LGJun 30, 2021

Understanding Adversarial Examples Through Deep Neural Network's Response Surface and Uncertainty Regions

arXiv:2107.00003v1
Originality Incremental advance
AI Analysis

This addresses security vulnerabilities in systems using DNNs for tasks like image classification, but it is incremental as it builds on existing understanding of adversarial examples.

The paper investigates the root cause of adversarial examples in deep neural networks by analyzing their response surfaces and classification boundaries, revealing that infinitely many adversarial images exist near clean samples and that transferability is not universal.
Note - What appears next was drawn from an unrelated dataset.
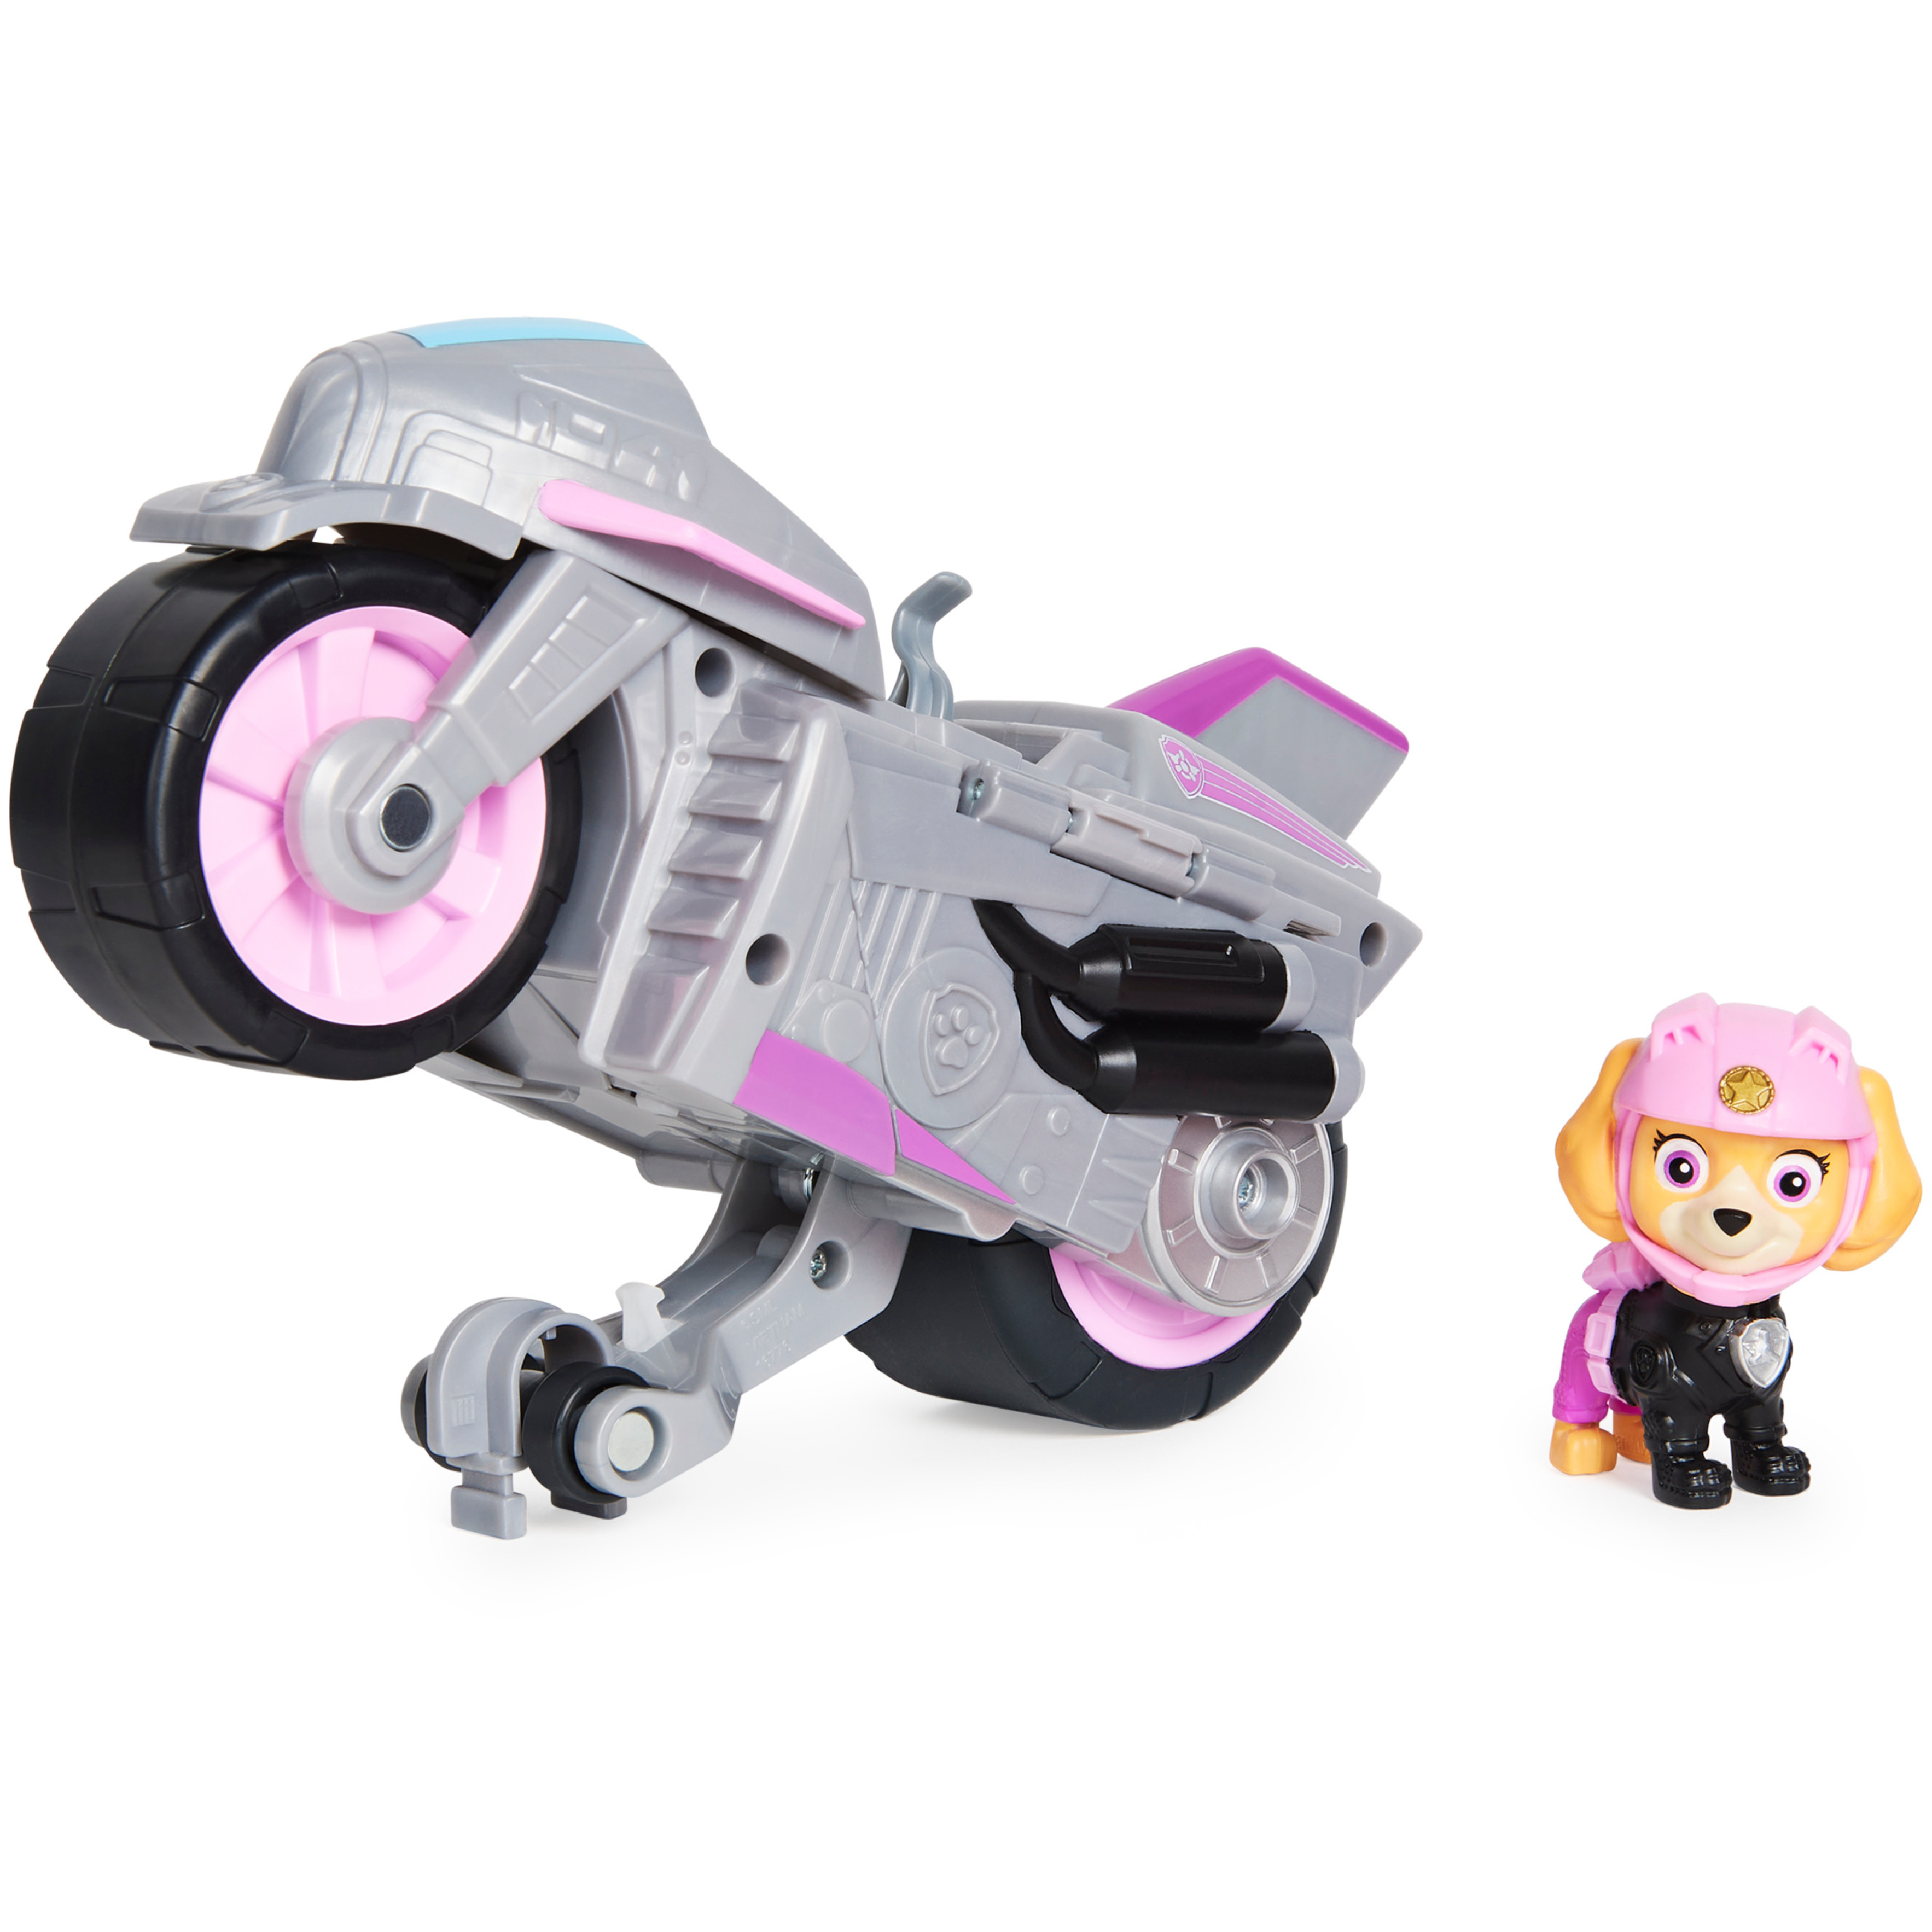 PAW Patrol, Moto Pups Skye’s Deluxe Pull Back Motorcycle Vehicle with Wheelie Feature and Figure - image 1 of 7

Deep neural network (DNN) is a popular model implemented in many systems to handle complex tasks such as image classification, object recognition, natural language processing etc. Consequently DNN structural vulnerabilities become part of the security vulnerabilities in those systems. In this paper we study the root cause of DNN adversarial examples. We examine the DNN response surface to understand its classification boundary. Our study reveals the structural problem of DNN classification boundary that leads to the adversarial examples. Existing attack algorithms can generate from a handful to a few hundred adversarial examples given one clean image. We show there are infinitely many adversarial images given one clean sample, all within a small neighborhood of the clean sample. We then define DNN uncertainty regions and show transferability of adversarial examples is not universal. We also argue that generalization error, the large sample theoretical guarantee established for DNN, cannot adequately capture the phenomenon of adversarial examples. We need new theory to measure DNN robustness.